If the local LS receives a KEEPALIVE message, it changes its state to
Established.
If the Hold Timer expires before a KEEPALIVE message is received, the
local LS sends NOTIFICATION message with the Error Code "Hold Timer
Expired" and changes its state to Idle.
If the local LS receives a NOTIFICATION message, it changes its state
to Idle.
If the KeepAlive timer expires, the local LS sends a KEEPALIVE
message and restarts its KeepAlive timer.
If a disconnect notification is received from the underlying
transport protocol, the local LS closes the transport connection,
restarts the ConnectRetry timer, continues to listen for a connection
that may be initiated by the remote TRIP peer, and goes into the
Active state.
In response to the Stop event (initiated by either the system or the
operator) the local LS sends NOTIFICATION message with the Error Code
"Cease" and changes its state to Idle.
The Start event is ignored in the OpenConfirm state.
In response to any other event the local LS sends a NOTIFICATION
message with the Error Code "Finite State Machine Error" and changes
its state to Idle.
Whenever TRIP changes its state from OpenConfirm to Idle, it closes
the transport connection and releases all resources associated with
that connection.
Established state:
In the Established state, an LS can exchange UPDATE, NOTIFICATION,
and KEEPALIVE messages with its peer.
If the negotiated Hold Timer is zero, then no procedures are
necessary for keeping a peering session alive. If the negotiated
Hold Time value is non-zero, the procedures of this paragraph apply.

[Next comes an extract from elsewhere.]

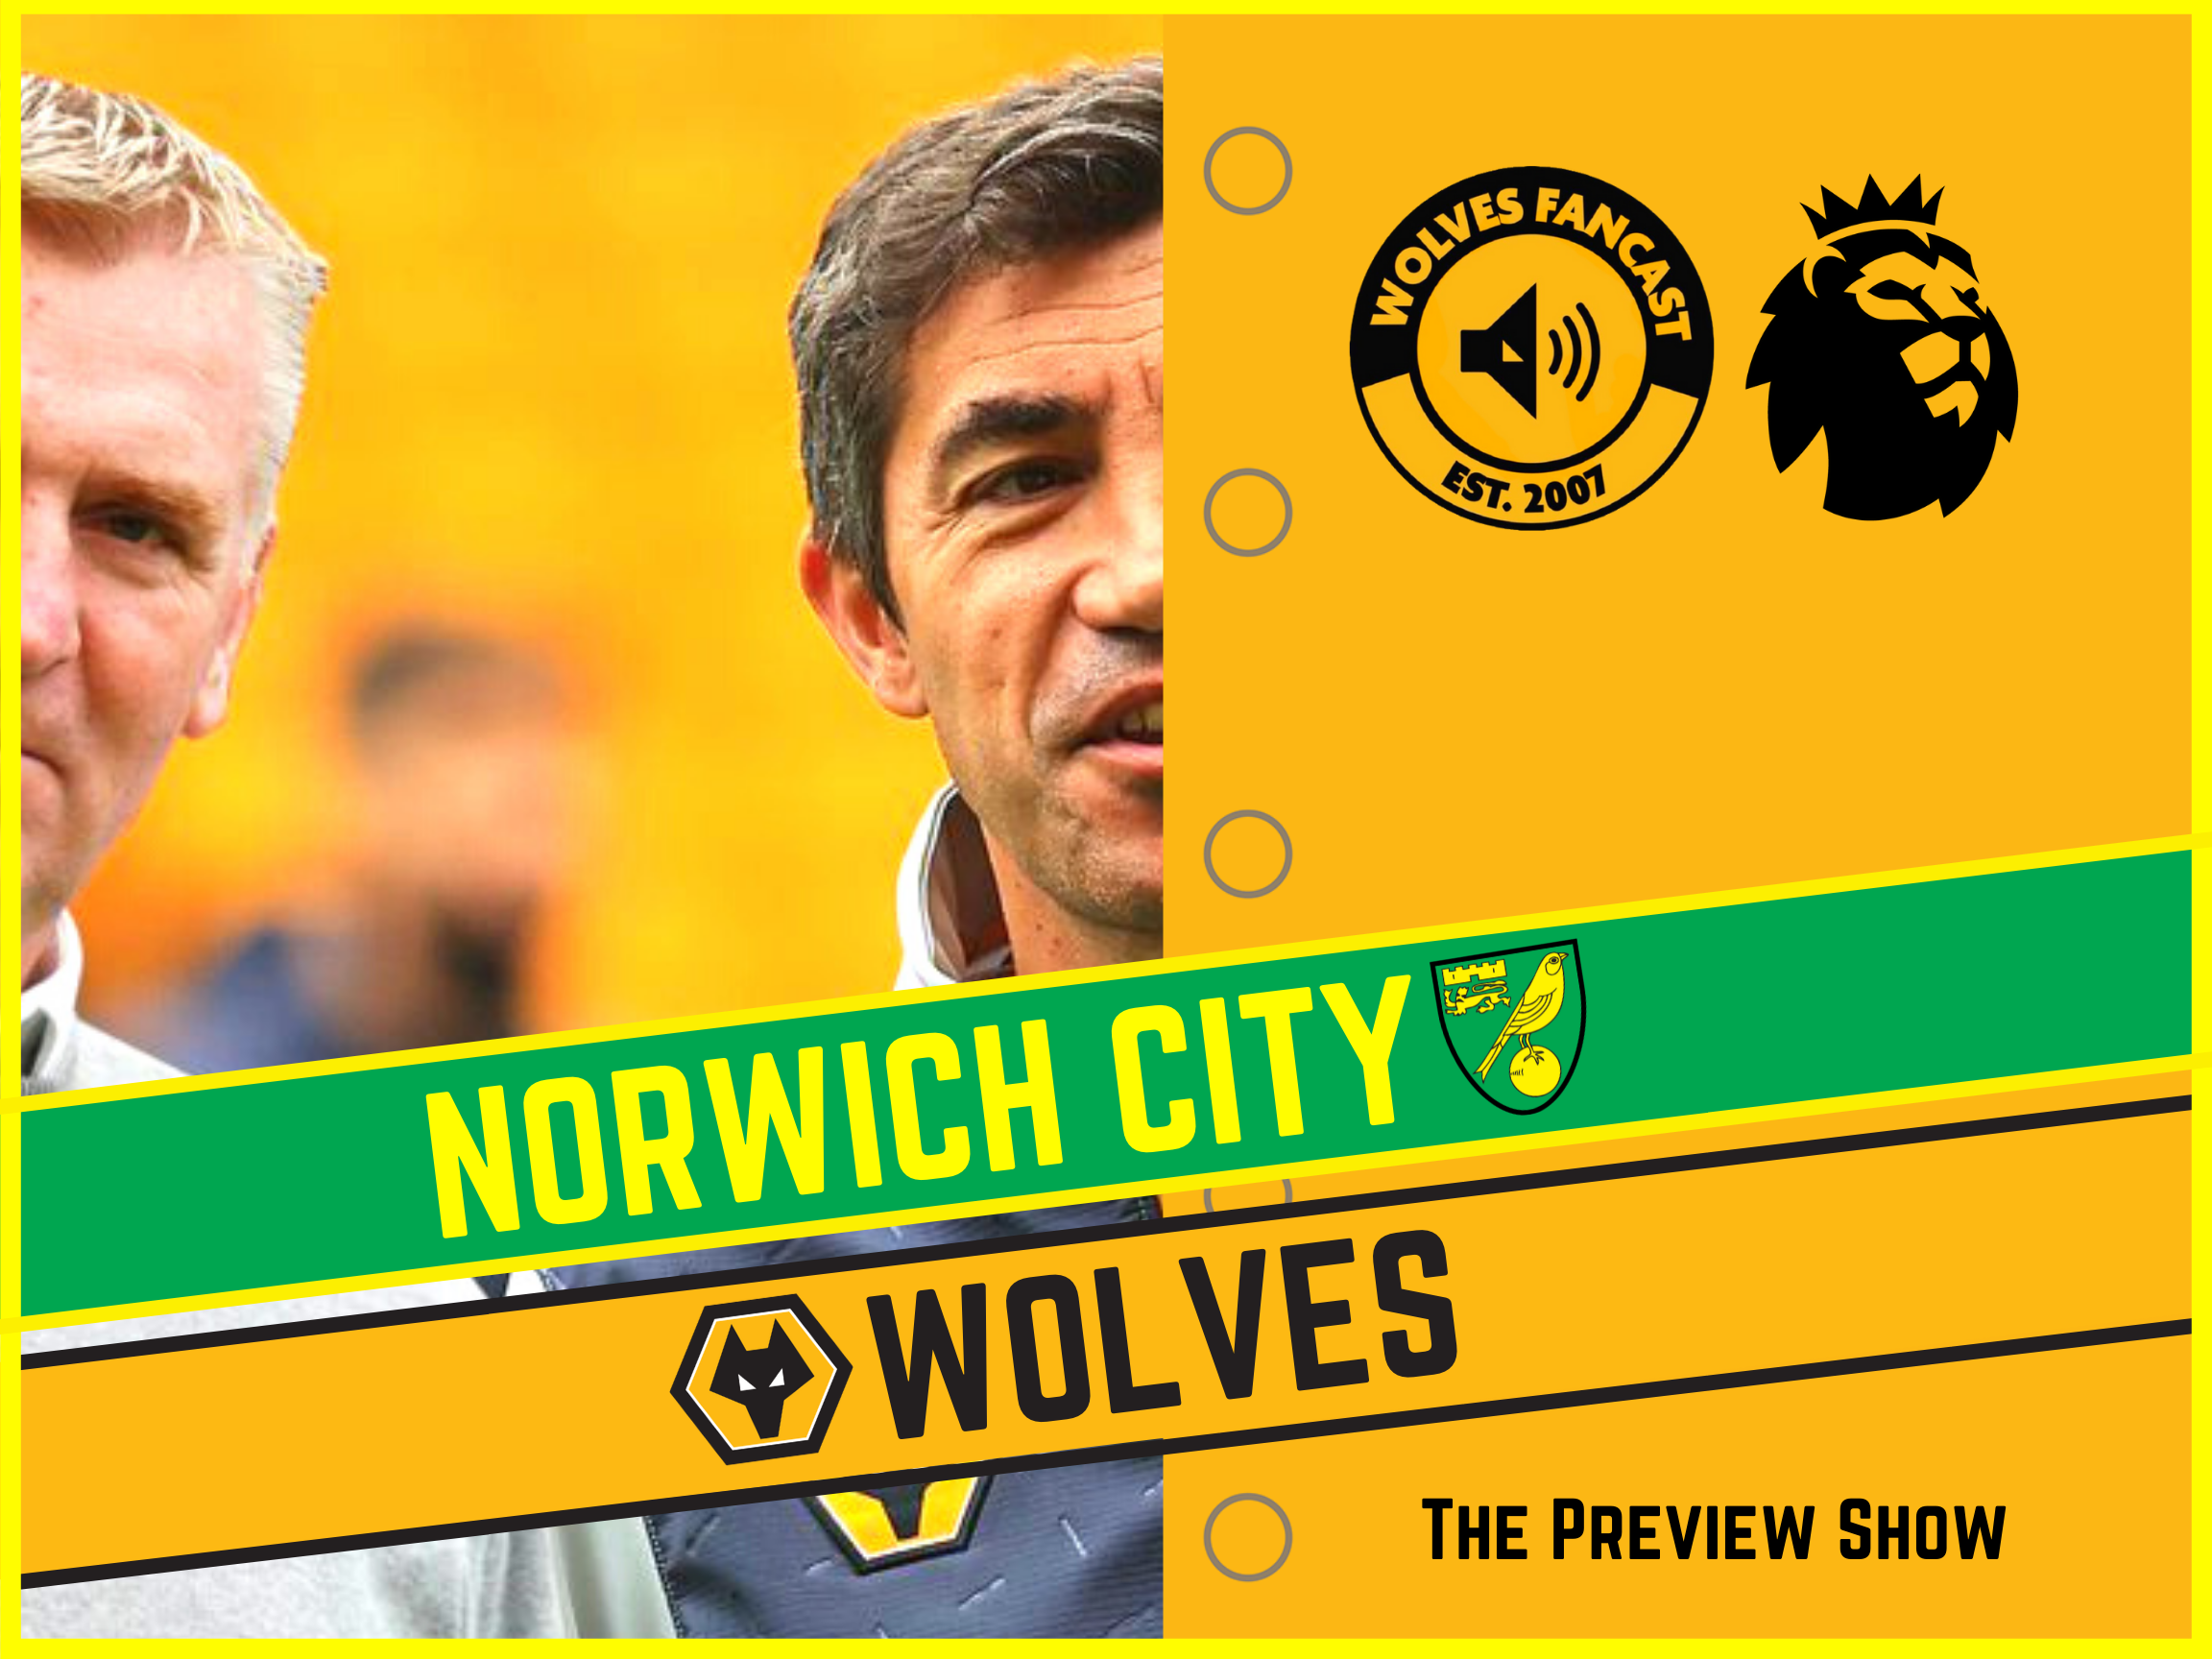 Norwich vs Wolves Preview Show | 'They only hate Wolves & Ipswich'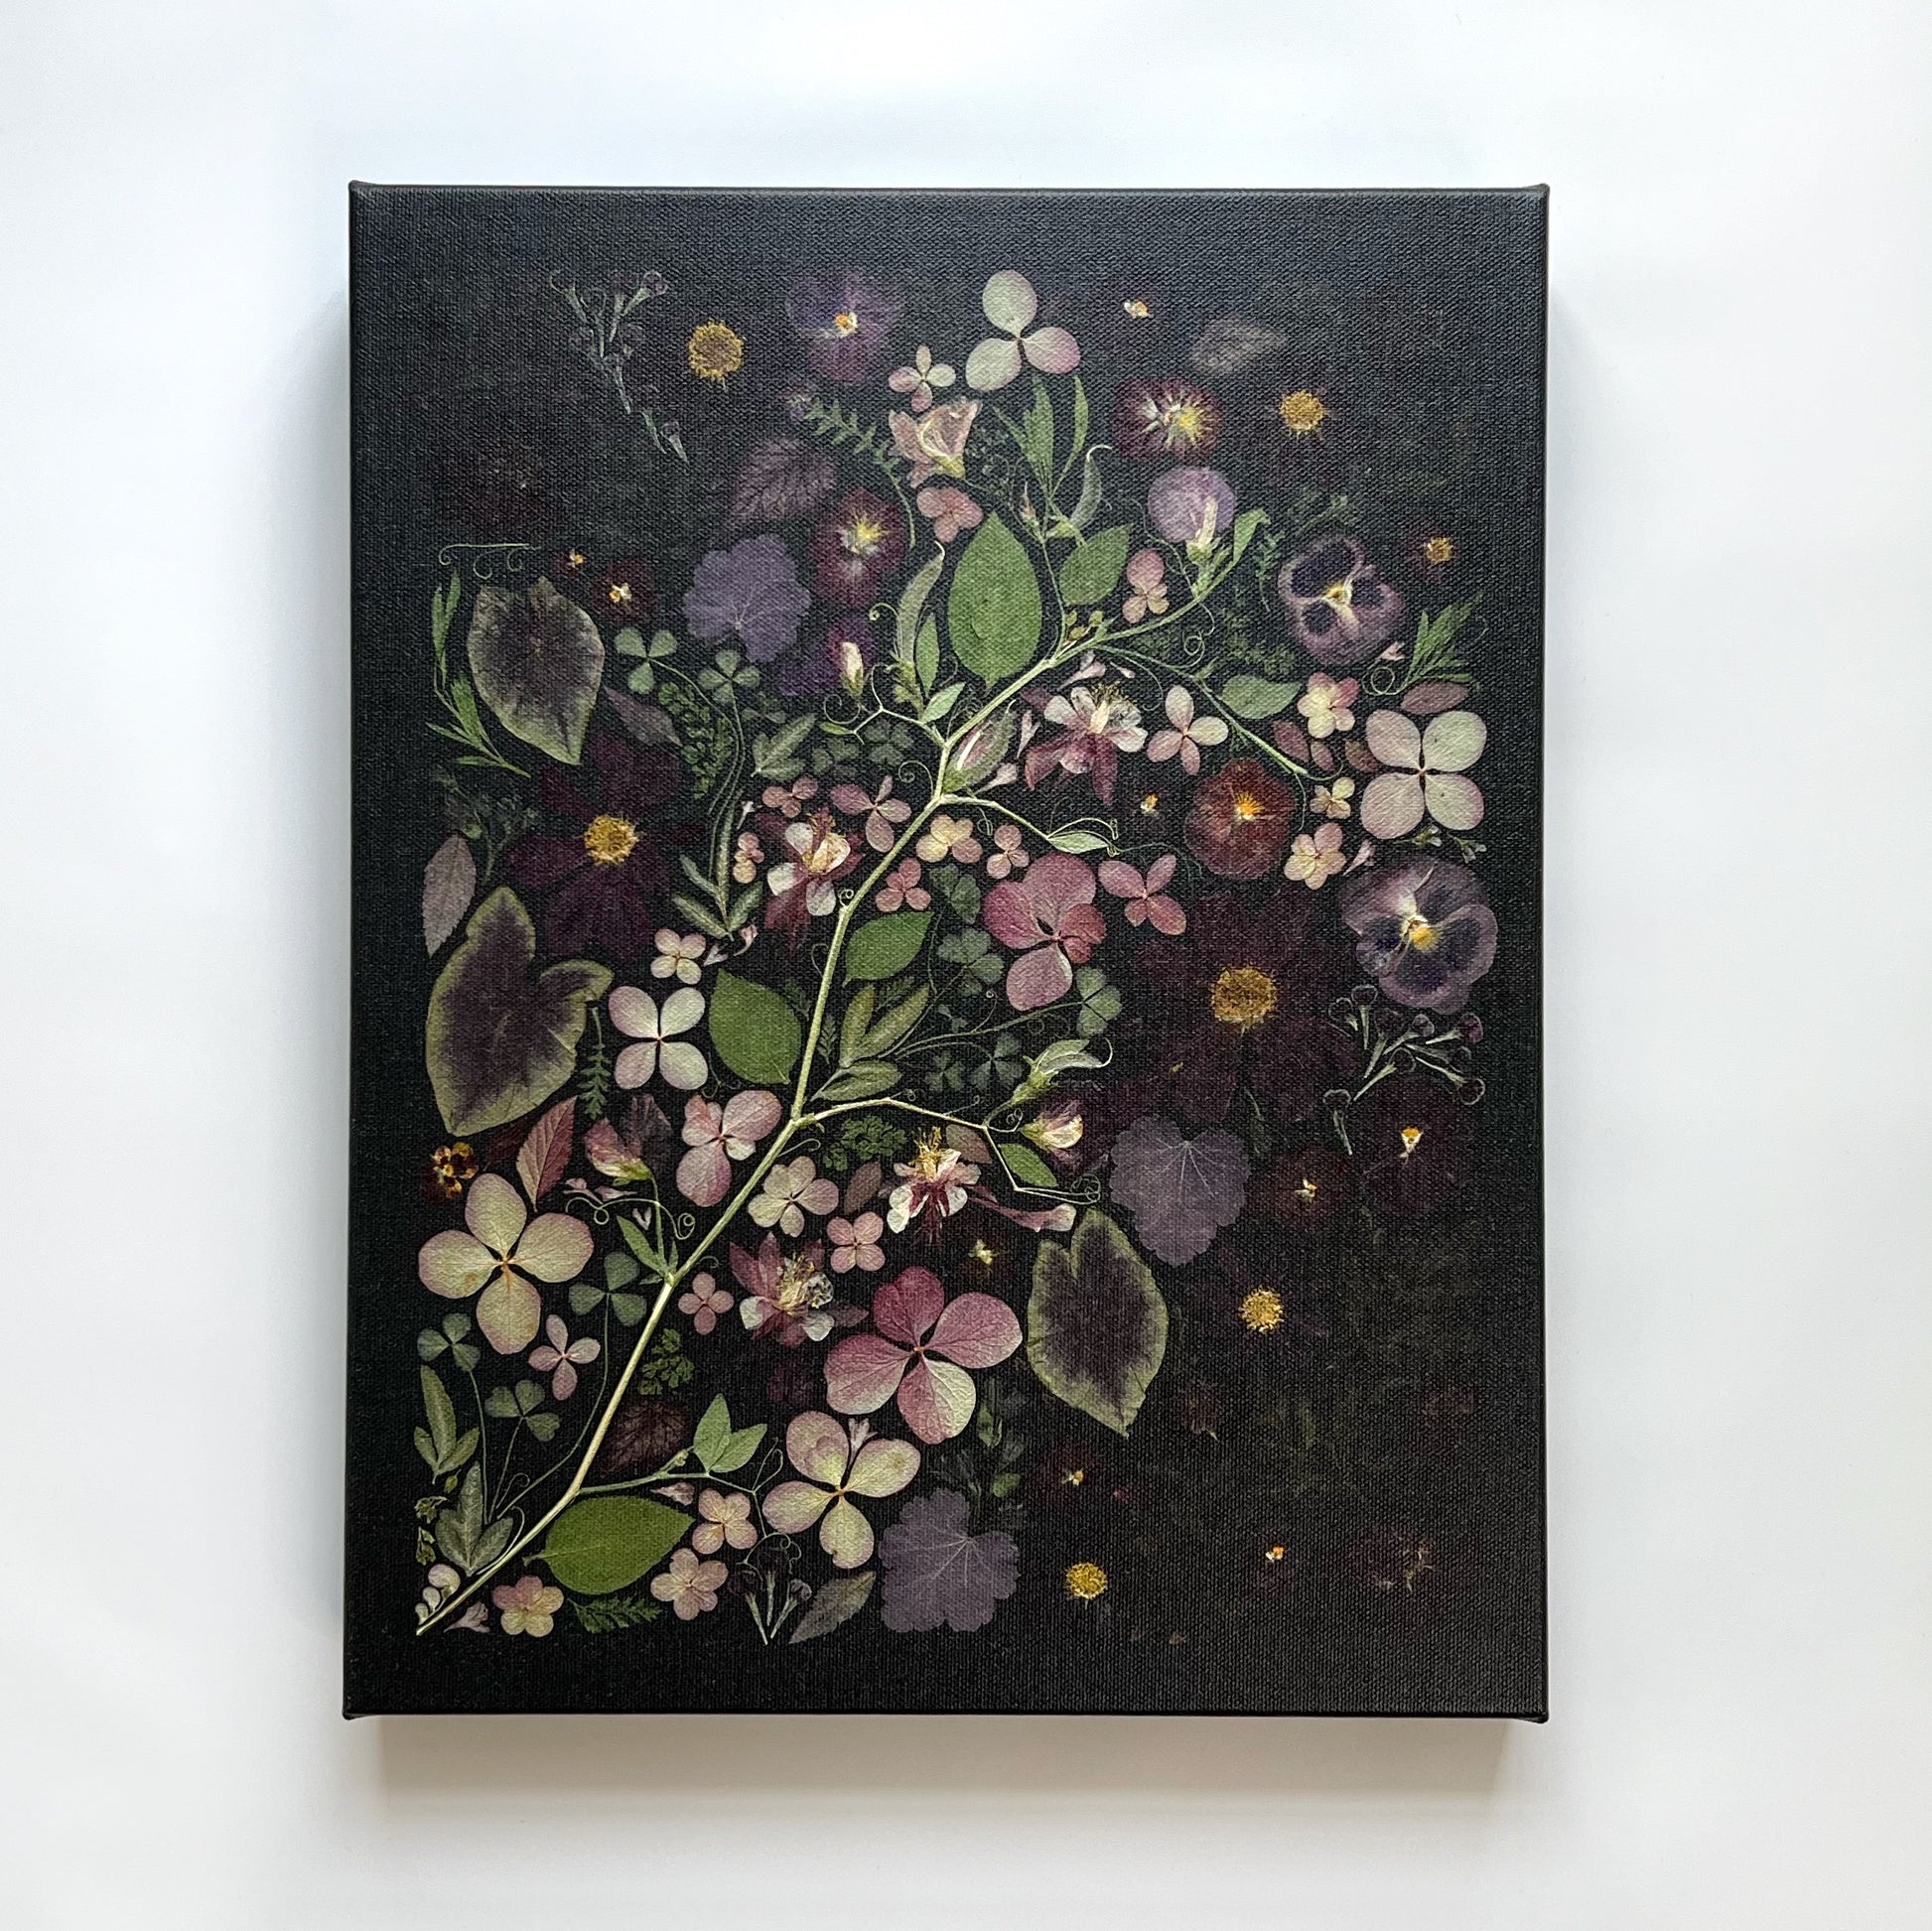 A black satin finish canvas on a white background. The canvas is a display of pressed flowers all arranged artfully appearing to come from a long stem with leaves.

If the Hold Timer expires, the local LS sends a NOTIFICATION message
with the Error Code "Hold Timer Expired" and changes its state to
Idle. If the KeepAlive Timer expires, then the local LS sends a
KeepAlive message and restarts the KeepAlive Timer. If the local LS
receives an UPDATE or KEEPALIVE message, then it restarts its Hold
Timer. Each time the LS sends an UPDATE or KEEPALIVE message, it
restarts its KeepAlive Timer.
If the local LS receives a NOTIFICATION message, it changes its state
to Idle.
If the local LS receives an UPDATE message and the UPDATE message
error handling procedure (see Section6.3) detects an error, the local
LS sends a NOTIFICATION message and changes its state to Idle.
If a disconnect notification is received from the underlying
transport protocol, the local LS changes its state to Idle.
In response to the Stop event (initiated by either the system or the
operator), the local LS sends a NOTIFICATION message with the Error
Code "Cease" and changes its state to Idle.
The Start event is ignored in the Established state.
In response to any other event, the local LS sends a NOTIFICATION
message with Error Code "Finite State Machine Error" and changes its
state to Idle.
Whenever TRIP changes its state from Established to Idle, it closes
the transport connection and releases all resources associated with
that connection. Additionally, if the peer is an external peer, the
LS deletes all routes derived from that connection.
10. UPDATE Message Handling
An UPDATE message may be received only in the Established state.
When an UPDATE message is received, each field is checked for
validity as specified in Section 6.3. The rest of this section
presumes that the UPDATE message has passed the error-checking
procedures of Section 6.3.
If the UPDATE message was received from an internal peer, the
flooding procedures of Section 10.1 MUST be applied. The flooding
process synchronizes the Loc-TRIBs of all LSs within the domain.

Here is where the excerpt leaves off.